“Data Driven Thinking” is written by members of the media community and contains fresh ideas on the digital revolution in media.
Today’s column is written by Mark Torrance, Chief Technology Officer of Rocket Fuel Inc.
In May 2010, the Dow plunged more than 900 points when algorithms began a high-speed selling spree — based on news related to the Greek monetary crisis — before anyone noticed. Then this April, the Dow fell nearly 150 points after a hacker falsely tweeted, using the Associated Press’ Twitter account, that the White House had been attacked. Fortunately, in both cases, the market recovered within minutes.
In spite of the safeguards that have been put into place since those two flash crashes, the financial market remains vulnerable to huge losses.

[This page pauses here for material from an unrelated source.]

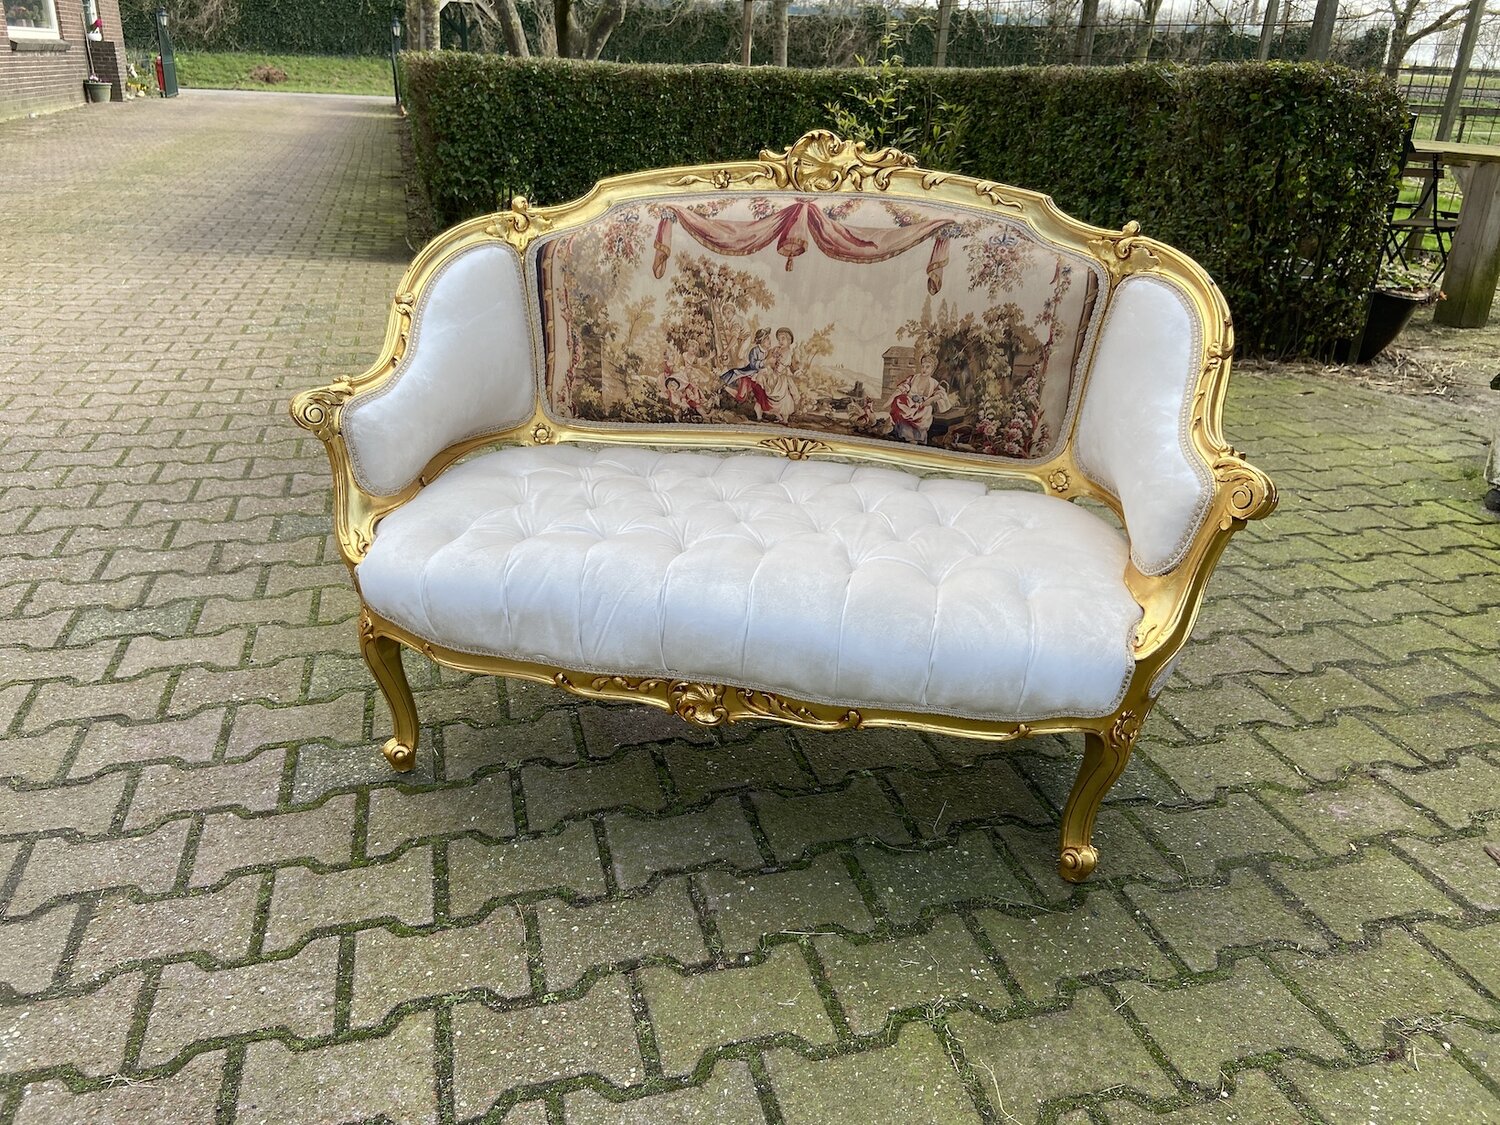 French Louis XVI Style tufted sofa-SQ9447742 — OSMAN ANTIQUE

Flash crashes can occur when reports or tweets — whether true or false — are picked up by software that monitors the news and uses that information to take action within a high-frequency trading environment.

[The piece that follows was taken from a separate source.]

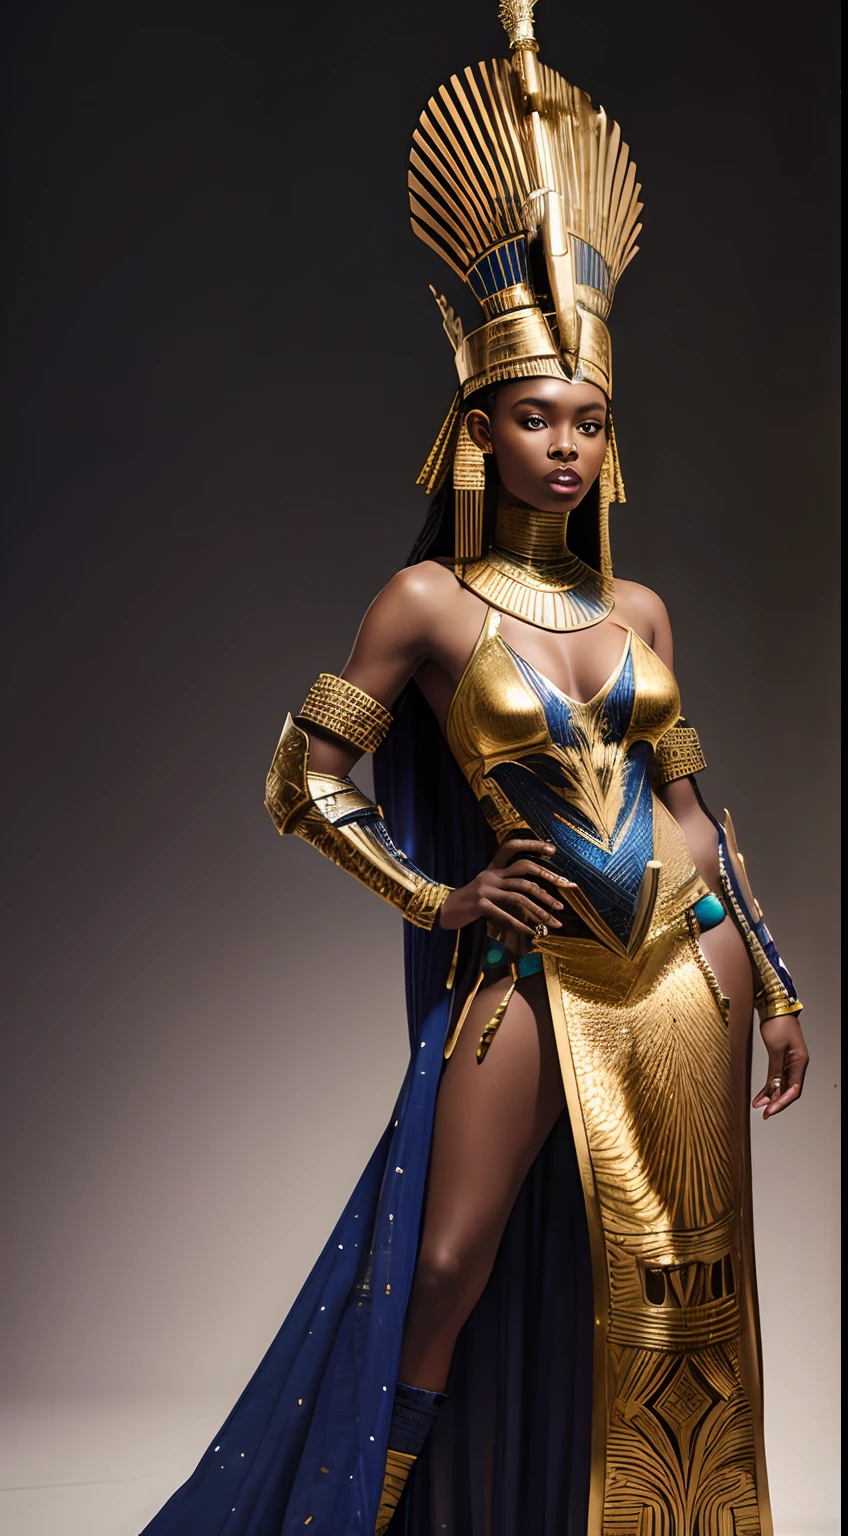 이집트 디자인과 유사한 네페르티티 왕관으로 거울 조각으로 갑옷을 모방한 두 번째 피부 의상을 입은 아프리카 미래주의 아프리카 전사 여왕
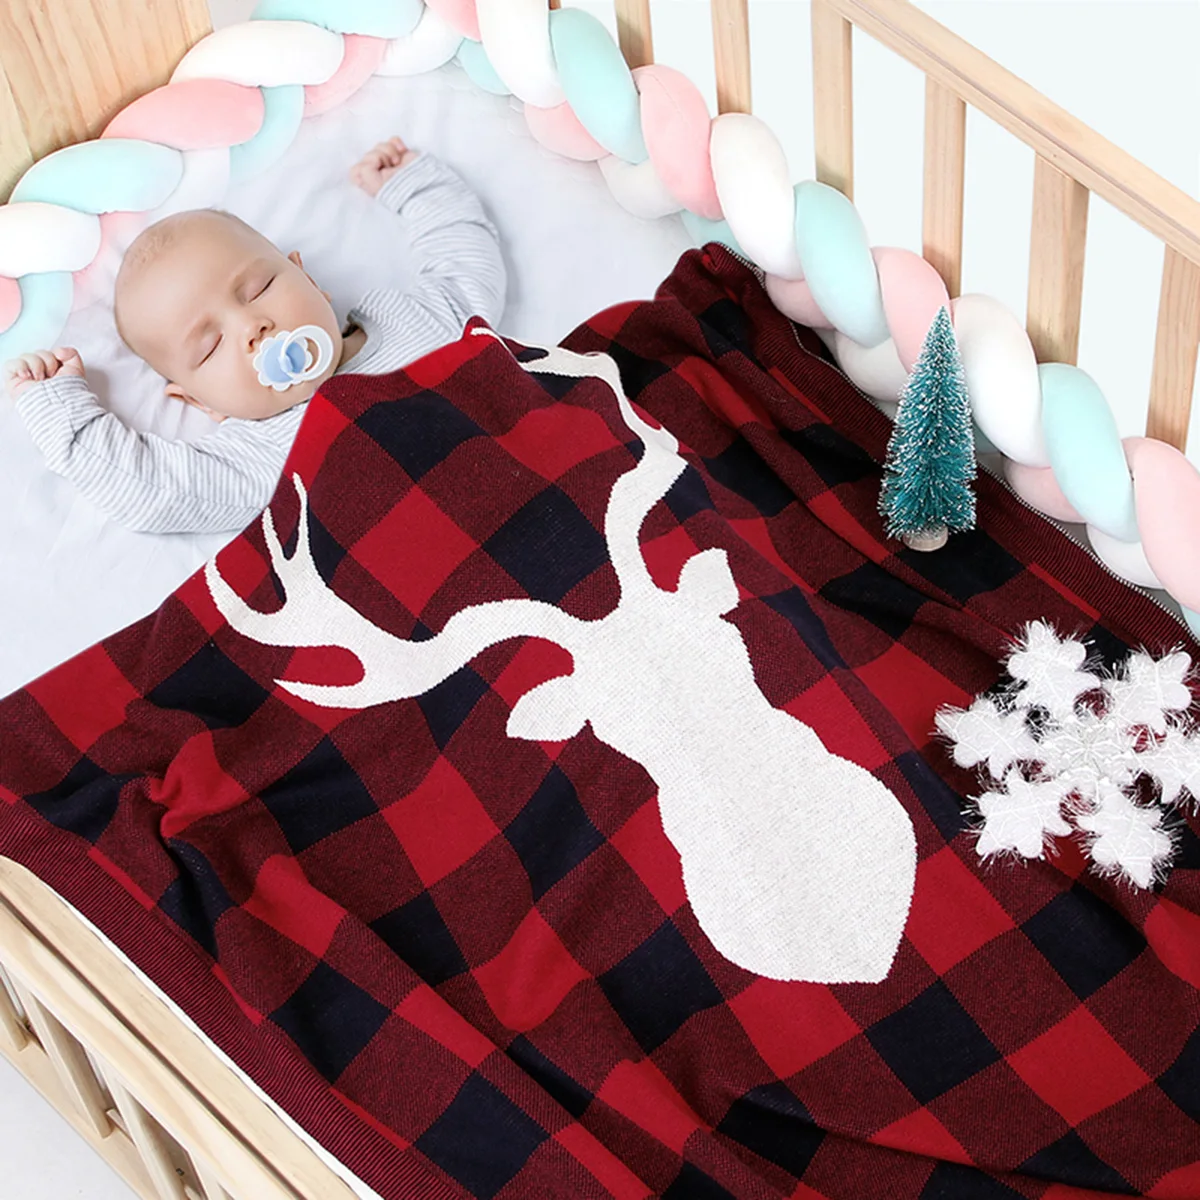 

1 Слои 100% хлопок муслин детское одеяло для новорожденных пеленание супер удобные постельные принадлежности Одеяла для пеленания Обёрточна...

That has raised the question, for some, of whether programmatic-buying systems — based on similar algorithms — could experience the same sorts of crashes. After all, the best programmatic-buying systems make billions of buying decisions per day. Does programmatic buying put advertisers’ money at risk? Should advertisers worry about algorithms falling into an ad-buying frenzy? Probably not. I’d argue that programmatic-buying systems are far less likely to suffer the financial market’s dramatic losses in flash crashes, for four good reasons.
- The commodities traded in the ad marketplace are relatively inexpensive, compared with stocks. The biggest mistake you can make on a single transaction would amount to much less than a dollar. You can spend, at most, maybe 10 cents on an extremely high-priced impression. In other words, you just can’t blow a lot of money buying a single ad impression.

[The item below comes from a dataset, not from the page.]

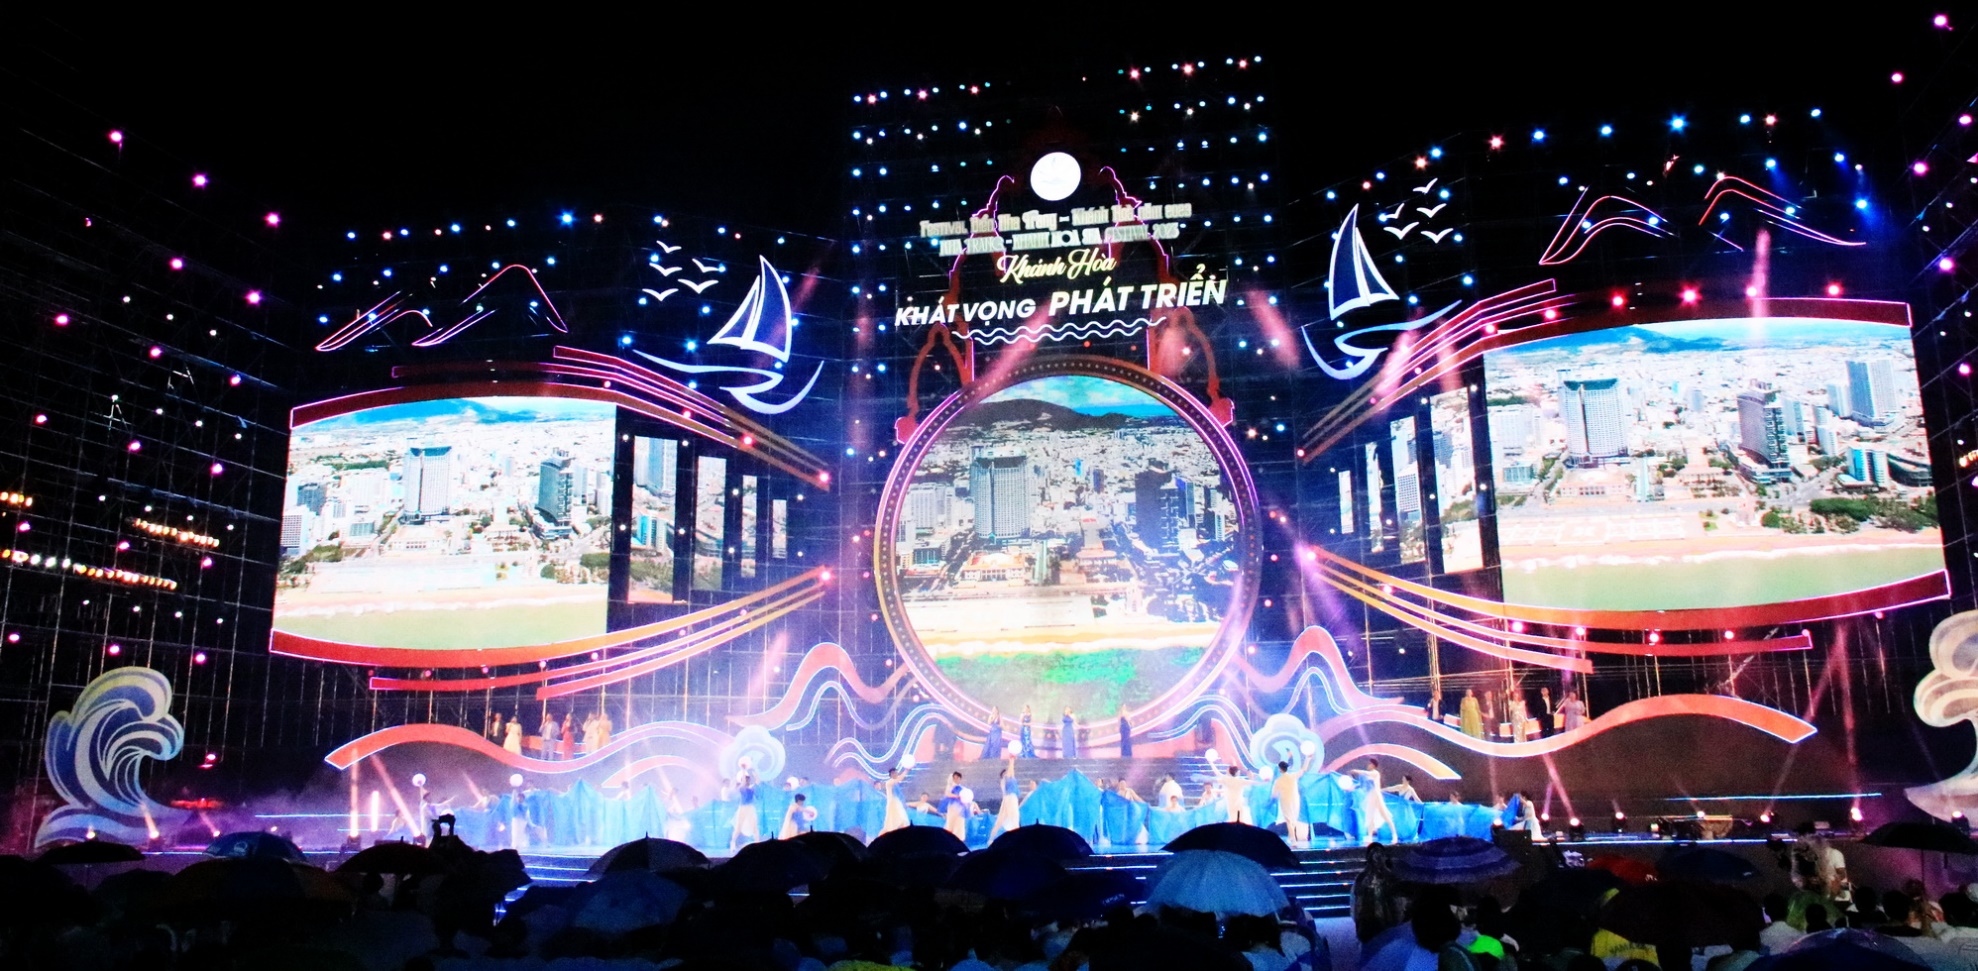 Festival Biển Nha Trang - Khánh Hòa đã chạm đến trái tim của người dân và du khách - 1
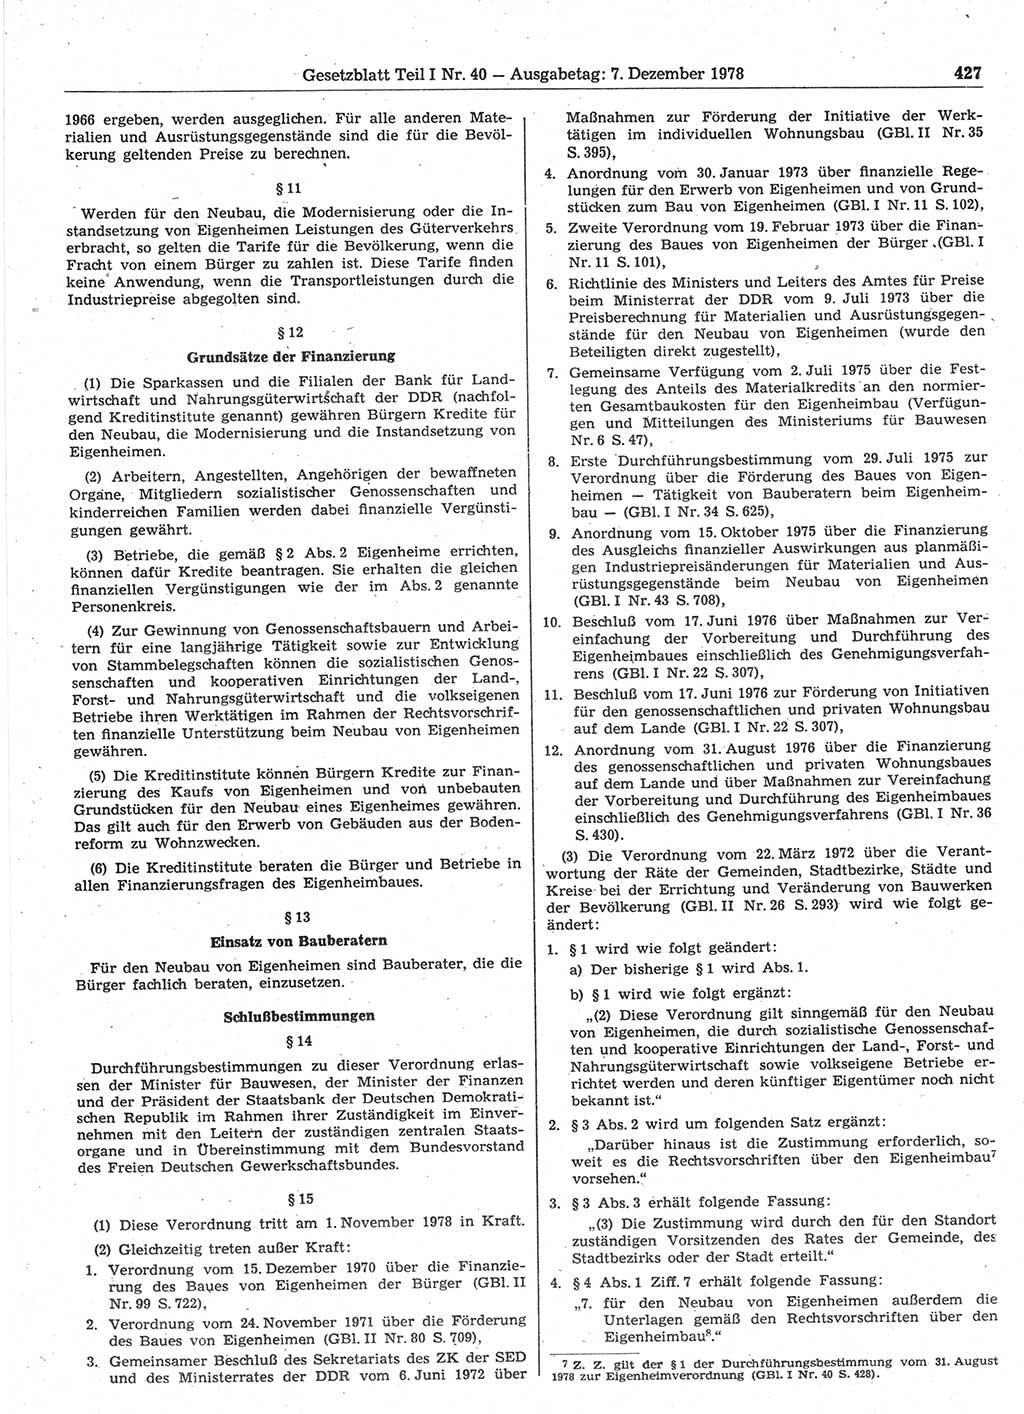 Gesetzblatt (GBl.) der Deutschen Demokratischen Republik (DDR) Teil Ⅰ 1978, Seite 427 (GBl. DDR Ⅰ 1978, S. 427)

- The commodities are short-lived and exist in microseconds; it’s not as if you can get “stuck holding a stock” while its value crashes. Ad impressions are ephemeral assets, with each impression worth no more than a few cents, and then they go away. Any kind of a problem along the lines of a flash crash would have to affect the decision-making about buying not just one ad impression, but a whole lot of them over a long period of time.
- “Fallbacks,” in which the value of the commodities falls to zero for a period of time, are rare on the stock market. But they’re commonplace in online advertising, where there is a well-accepted mechanism for filling the unsold-inventory void with low-cost fallback campaigns or public-service announcements.
- The best programmatic-buying systems have safeguards built in. You can help ensure your ad buying is safe by checking to make sure your provider has extensive protections in place to prevent sudden price spikes.
For these four reasons, the risk of a flash crash in this the ad marketplace is very, very low.